Notes on Contributors

John Freeman is a Renaissance scholar with a wide range of research and teaching interests, from Shakespeare’s Hamlet to Thomas More’s Utopia to digital and popular culture (such as the MTV series “Catfish”). His recent publications include “Tupac’s ‘Holographic Resurrection’: Corporate Takeover or Rage against the Machinic?” (CTheory) and “Shakespeare’s Imitation Game, or: How Do You Solve a [Problem Set] Like Katherina?” (Symploke).

Brian Glavey is an Associate Professor of English at the University of South Carolina and the author of The Wallflower Avant-Garde (Oxford, 2016). He is currently working on a book on relatability and the poetics of oversharing.

Andrew Kingston is a PhD candidate in the Department of Comparative Literature at Emory University.
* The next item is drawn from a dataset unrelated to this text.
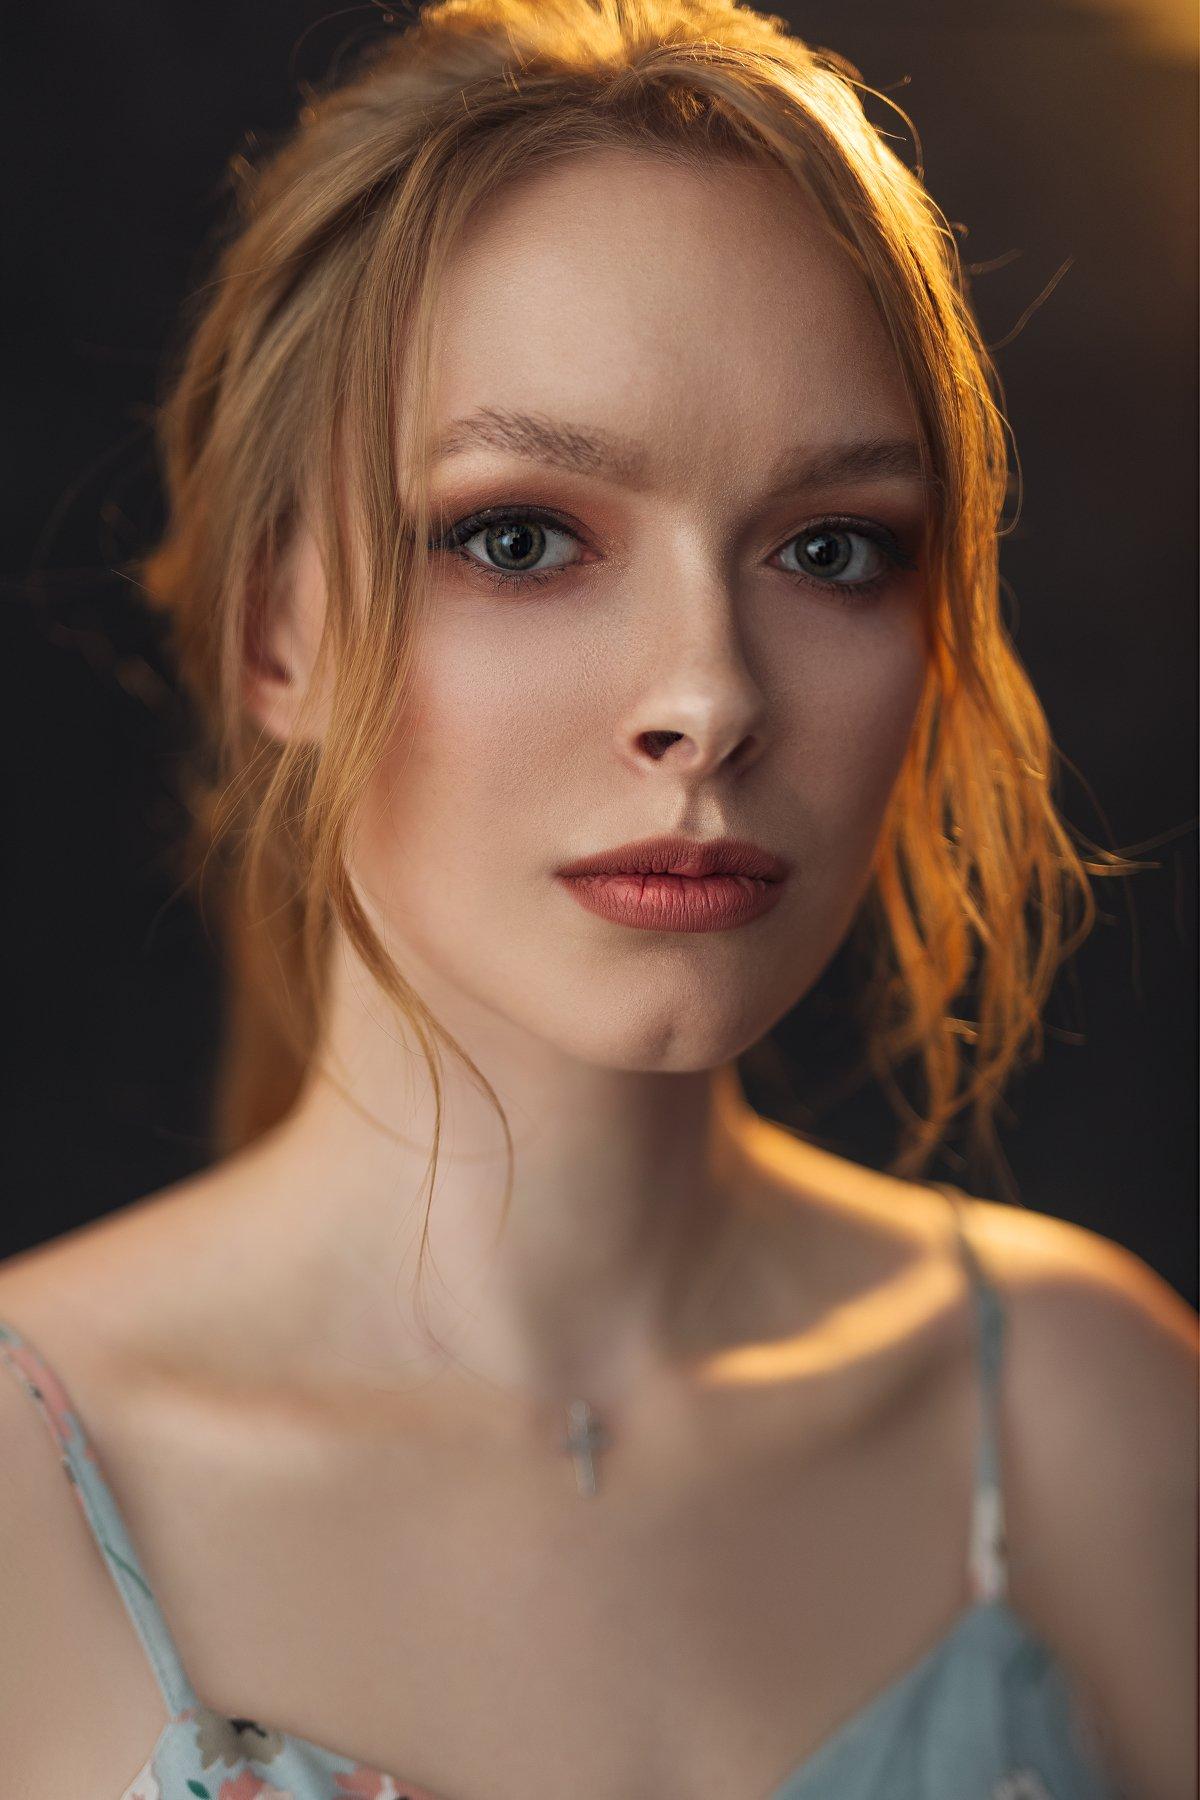 гламур, портрет, модель, арт, art, model, popular, Иван Лосев

His dissertation examines figures of corruption in the history of aesthetics and the performing arts, drawing on the work of Jacques Derrida, Stéphane Mallarmé, Arnold Schoenberg, and others. He has published on Derrida and Hegel.
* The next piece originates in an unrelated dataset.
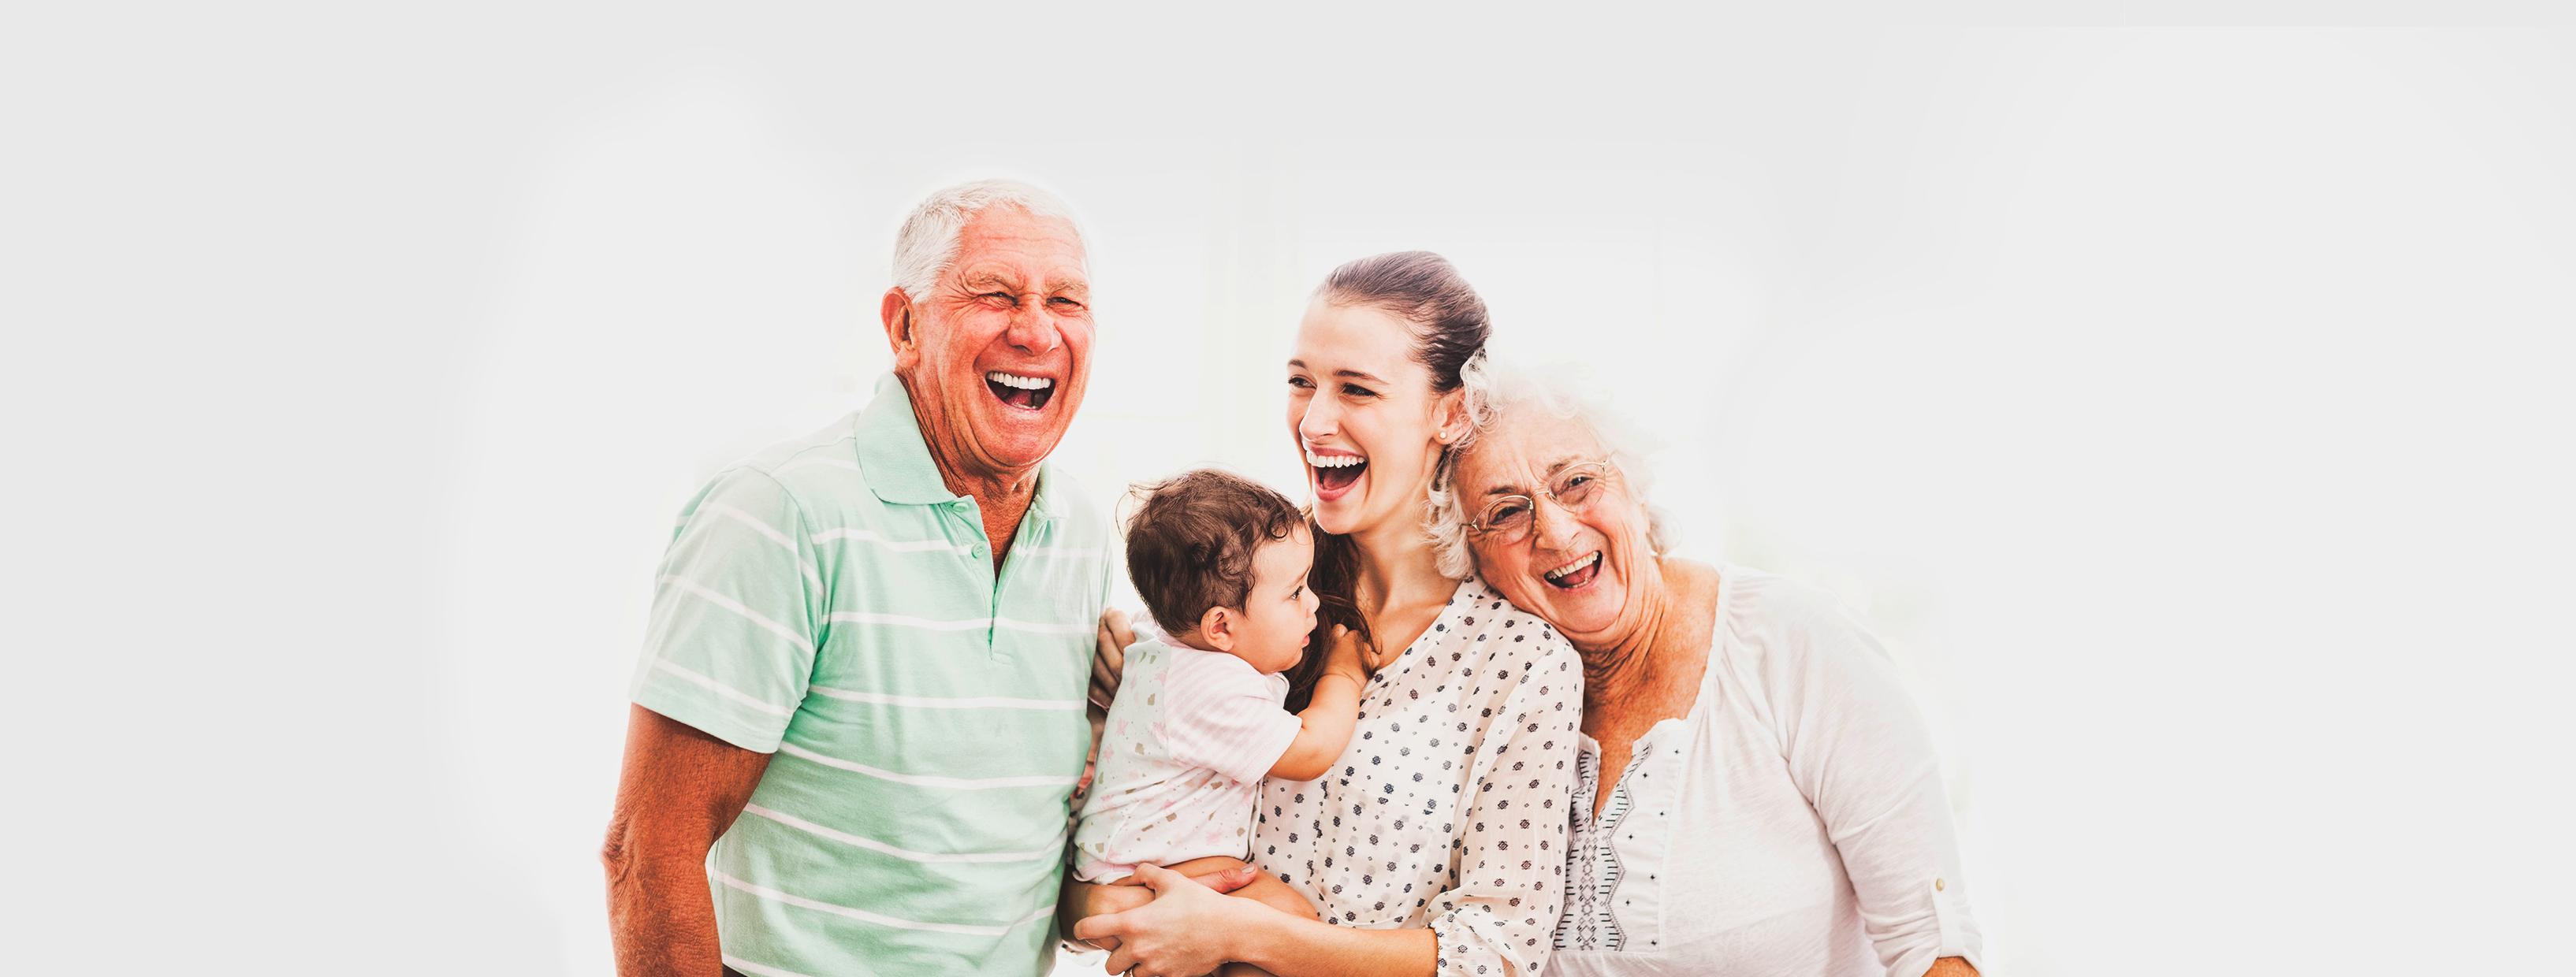 Palestra: O Sentido da Vida na Melhor Idade

Michael Millner teaches English and American Studies at the University of Massachusetts in Lowell, where he will serve as the Nancy Donahue Endowed Professor of the Arts beginning in 2020. He is currently working on a narrative history of the Dylan-Warhol meeting in 1965. This essay is part of a larger project investigating how recent research in cognitive science has shaped political economy. More information about his scholarship and teaching is available at michaelmillner.com.
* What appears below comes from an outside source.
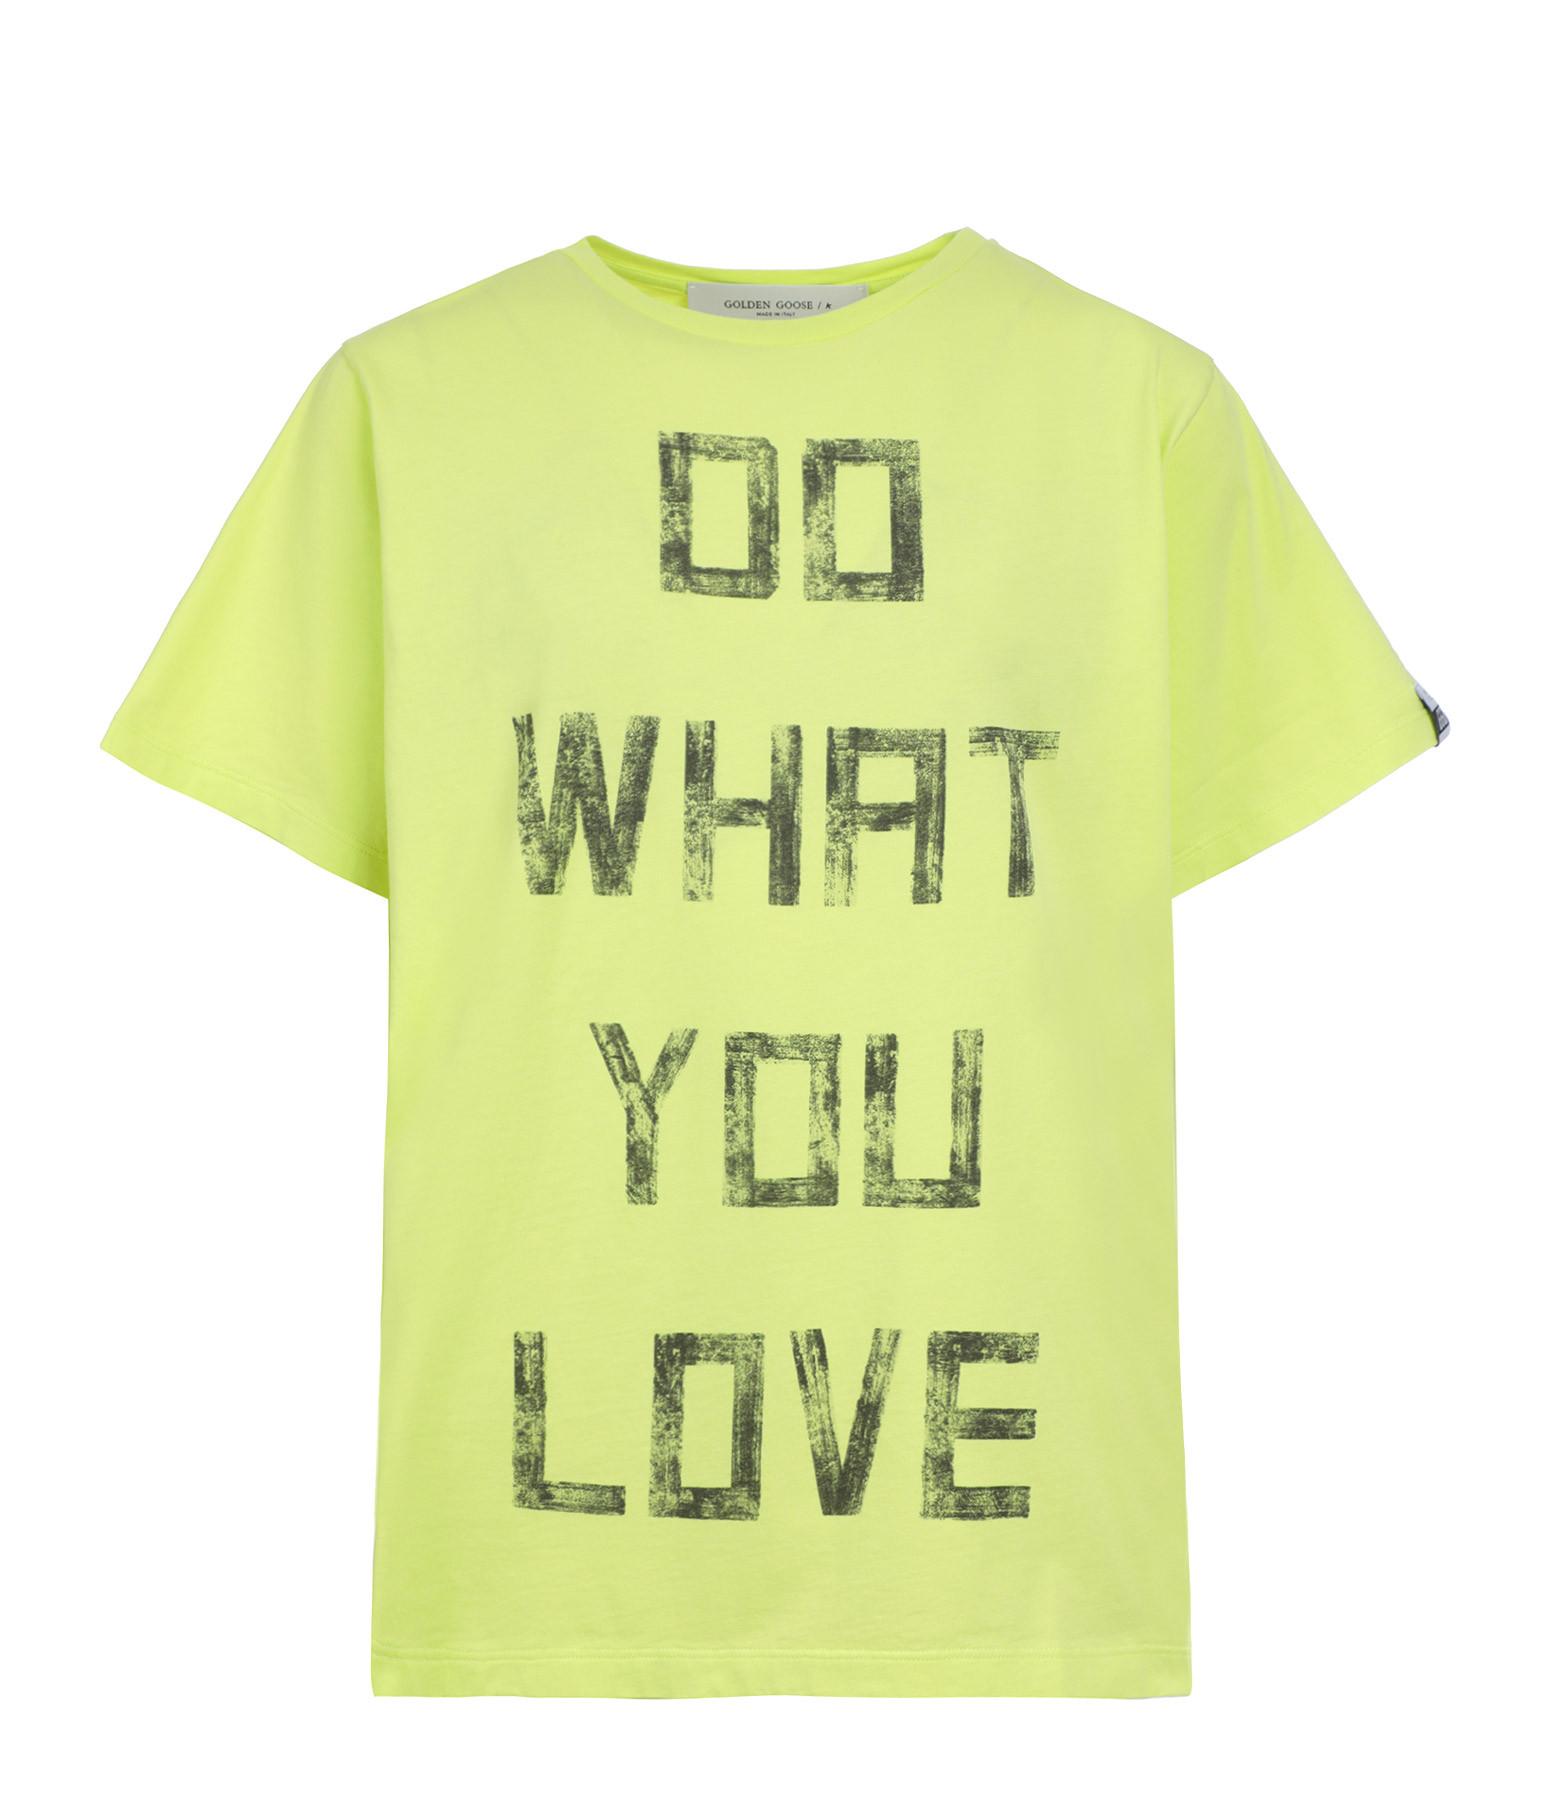 GOLDEN GOOSE - Tee-shirt Aira Do What You Love Coton Jaune

Marina Peterson is Associate Professor of Anthropology at the University of Texas at Austin. She is the author of Sound, Space, and the City: Civic Performance in Downtown Los Angeles (UPenn Press), and has co-edited volumes on anthropology and the arts and global downtowns. Her work explores sound, sensation, and urban infrastructures below and above ground, with research primarily in Los Angeles and Appalachia. Her forthcoming book is Atmospheric Noise: Aerial Matters in Los Angeles (Duke UP).

Steven Swarbrick is Assistant Professor of English at Baruch College, CUNY. His research spans sixteenth- and seventeenth-century English literature, queer theory, environmental humanities, film, and disability studies. His current book project is titled “Materialism without Matter: Environmental Poetics from Spenser to Milton.” He is working on a second book project provisionally titled “Deleuze and the Intolerable: Cinema at the End of the World.” His essays have appeared or are forthcoming in journals including Cultural Critique, JNT, and Criticism, as well as in several edited anthologies, including Queer Milton.

Mikko Tuhkanen is Associate Professor of English at Texas A&M University, where he teaches African American and African-diasporic literatures, LGBTQ literatures, and literary theory. His most recent books include The Essentialist Villain: On Leo Bersani (2018) and The Cambridge History of Gay and Lesbian Literature (2014), co-edited with E. L. McCallum. He has published in diacritics, differences, American Literature, Cultural Critique, James Baldwin Review, and elsewhere.